Epiroc sees itself as a 145+ year-old startup, in other words a modern company with a rich history in Atlas Copco. Despite its size, it must be possible for decisions to be made quickly.
“We must never rest on our laurels,” says Helena Hedblom, Senior Executive Vice President Mining and Infrastructure, when we meet at the Epiroc headquarters in Sickla on the outskirts of Stockholm.
“Innovation is one of our core values and is part of our DNA. It is our innovative capacity and the role that innovation has always played in our culture that makes us who we are today. We are creative and entrepreneurial and always want to get even better in everything we do. Our entire business centers around understanding customer needs and developing products and solutions that respond to them. To achieve this goal, we must be innovative,” says Helena Hedblom.
As a complement to Epiroc’s inherent innovative capacity, Hedblom points to the company’s acquisitions, i.e. how they buy parts of smaller companies.
“I believe that a combination of partnership, co-ownership and self-development is the fastest and most effective way to create innovation. The advantage of owning a part of smaller companies is that speed is maintained while we gain access to the technical solution that these companies have developed.”
Out at Haga slott, afternoon is giving way to evening. This means that it is once again time for participants to sit outside of the lecture room and reflect on the day.
Heinrich Duvenage, General Manager South Africa, feels like he has gotten to know himself better.
“To be innovative, you need innovative people. But, to be effectively innovative, you also
need people who can analyze and people who can execute the ideas in a good way,” he says. “I found out that I have a lot of things I need to work on. Like the way I communicate with people. I am very results-driven and I want the job to be done, but sometimes I think that people might not fully understand what I ask them to do.”

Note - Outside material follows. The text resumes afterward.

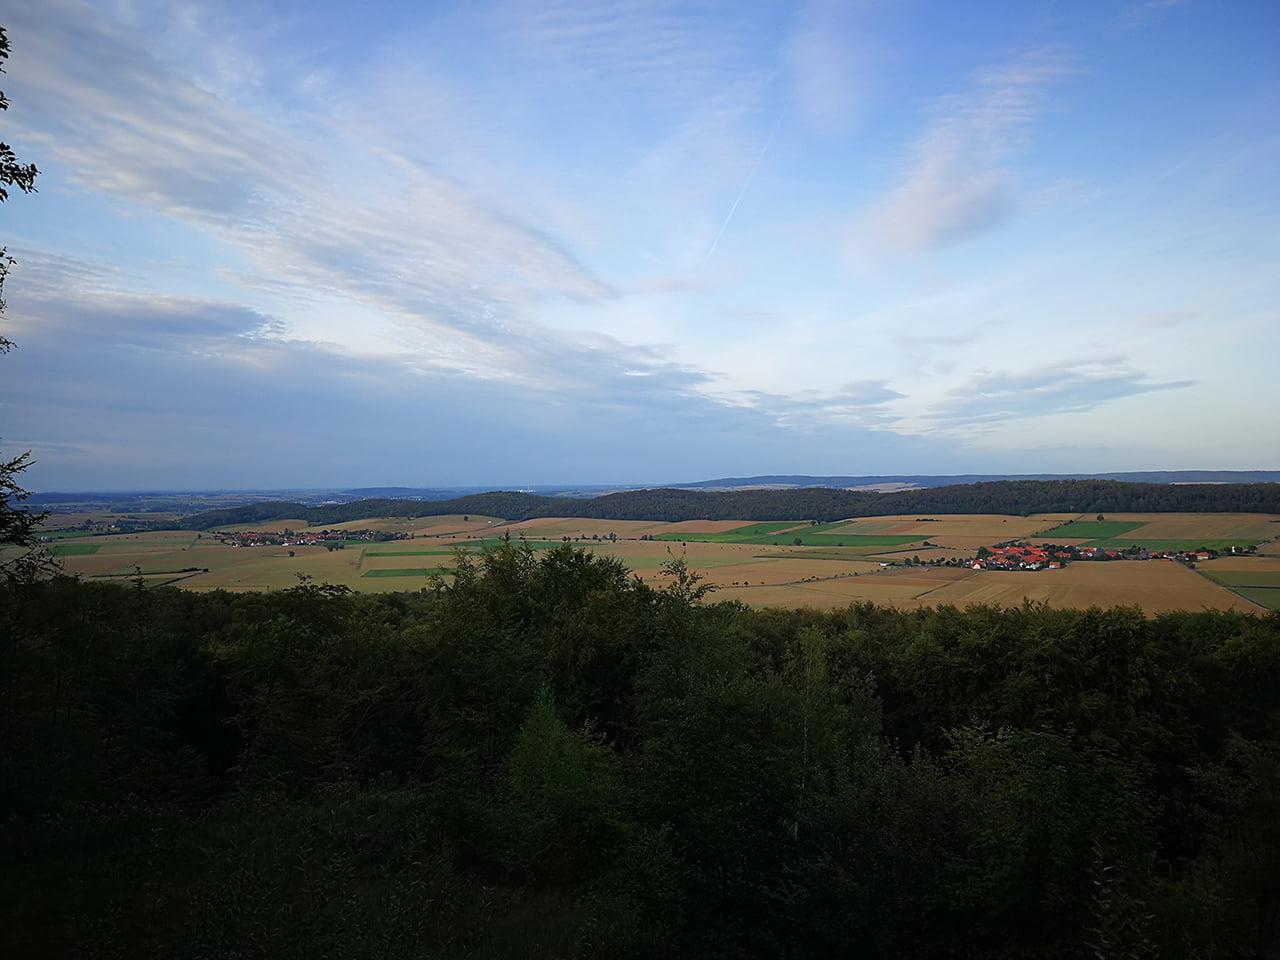 Leineberglandbalkon

Mouritz Harvard, Business Line Manager Market Sales Indonesia, has similar thoughts on the subject. “I can be a little bit pushy and sometimes say that I want something done in one week. The employees getting this order sometimes ask ‘Why one week? I need two weeks.’ After being here, I’ve learned that instead of being pushy I can ask, ‘If we give you more resources, could you get it done in one week?’. ”
Christel Füllenbach, Business Line Manager Service Germany, says it’s “great to meet and get to know leaders from other cultures and parts of the world, and to learn from each other and reflect on why you do something in a certain way because everything can always be improved.”
“Innovation is part of our normal workday, but if you think about what it means and how we can really be innovative, then it’s quite complex,” she says. “For me, the Aspire training is an innovation in itself. It gives people the freedom to think about topics that are not necessarily related todaily work, and also to build a relationship with other passionate people in an open atmosphere. Another great thing is that I can spread this feeling and culture to my local organization. It’s quite remarkable how innovative people can be in the right environment.”
Epiroc operated under the trademark “Atlas Copco” prior to January 1, 2018.